The Tapping Anticlimax
I've got some empathy with the narrator already, because I know what it's like to be bothered by harmless distractions that everybody else seems to ignore. Nice interjections of tap. I'm having PTSD here.

I can see why the coworker is laughing and why the protagonist is not. But I don't see why, if he's been there so frequently, she doesn't just ask him. Such things are not verboten in most offices I've been in. Ah, at least she's about to now. Better late than never. How did it take a few months to get a guy's name out of Dave? She can't be paralyzed with shyness -- she's a presenter. This aspect is really distracting me from an otherwise smooth read.

I like that the climax was more of an anticlimax -- nothing suspicious, just the protagonist freaking out. Decently written, although I suspect I personally empathize a bit more than usual 'cause I can't filter out sounds for the life of me. Wearin' industrial grade earmuffs right now.

flerp
Feb 25, 2014

I DON'T ALWAYS
HERDY DUR MUR FLERP FLERPITY
FLOOPIN
BUT WHEN I DO
I YER DER FLERPITY
THURN DER DERMIN
BORK! BORK! BORK!







Crit for skwidmonster's week 139 entry Cornflakes

https://docs.google.com/document/d/19UIXPGho6yGCMvDXMMRHcJ9Hon7UJBXvJ51bfsCXhek/edit?usp=sharing

my other promised crits will be up sometime before whenever i said it was (sunday or saturday)

Fuschia tude
Dec 26, 2004

THUNDERDOME LOSER 2019



Whoops, I forgot I already did RedTonic's.


Hammer Bro. - Sequelae

The second scene shift is incredibly disorienting. I get that that's somewhat intentional, but when Dante wakes up with bloody knuckles... what the hell happened? And who is Randall? Was that supposed to say "Dominic"?

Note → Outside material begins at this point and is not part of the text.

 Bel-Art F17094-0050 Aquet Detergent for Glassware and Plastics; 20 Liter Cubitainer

And the end... took me a few rereads to get it... I think. Santa Clause, right? Kill death and take its place? Using the telescope to amplify the dessication power, making it fully optical, may be a bit goofy but I guess it works. Death goes out like a chump, though. The Death character overall felt more like a nagging voice than a real full-throated threat.

I like the broad story arc. Escalated nicely, given the space you had available. Maybe a bit too much, but then Dante seems human and believable enough in his actions.

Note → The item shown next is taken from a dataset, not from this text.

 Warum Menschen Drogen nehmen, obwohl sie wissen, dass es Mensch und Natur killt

Tyrannosaurus - Nothing More. Nothing Less.

That was cute. The dialog might be a little too, uh, grade-school for the setting, but at least that's better than the other extreme and being ponderous.

The tone for the story itself works fine, I suppose it's fittingly optimistic. But Ivar's voice just seems too naive and eager for someone with all this training and practice working with this sort of thing, independent of whatever age he's supposed to be.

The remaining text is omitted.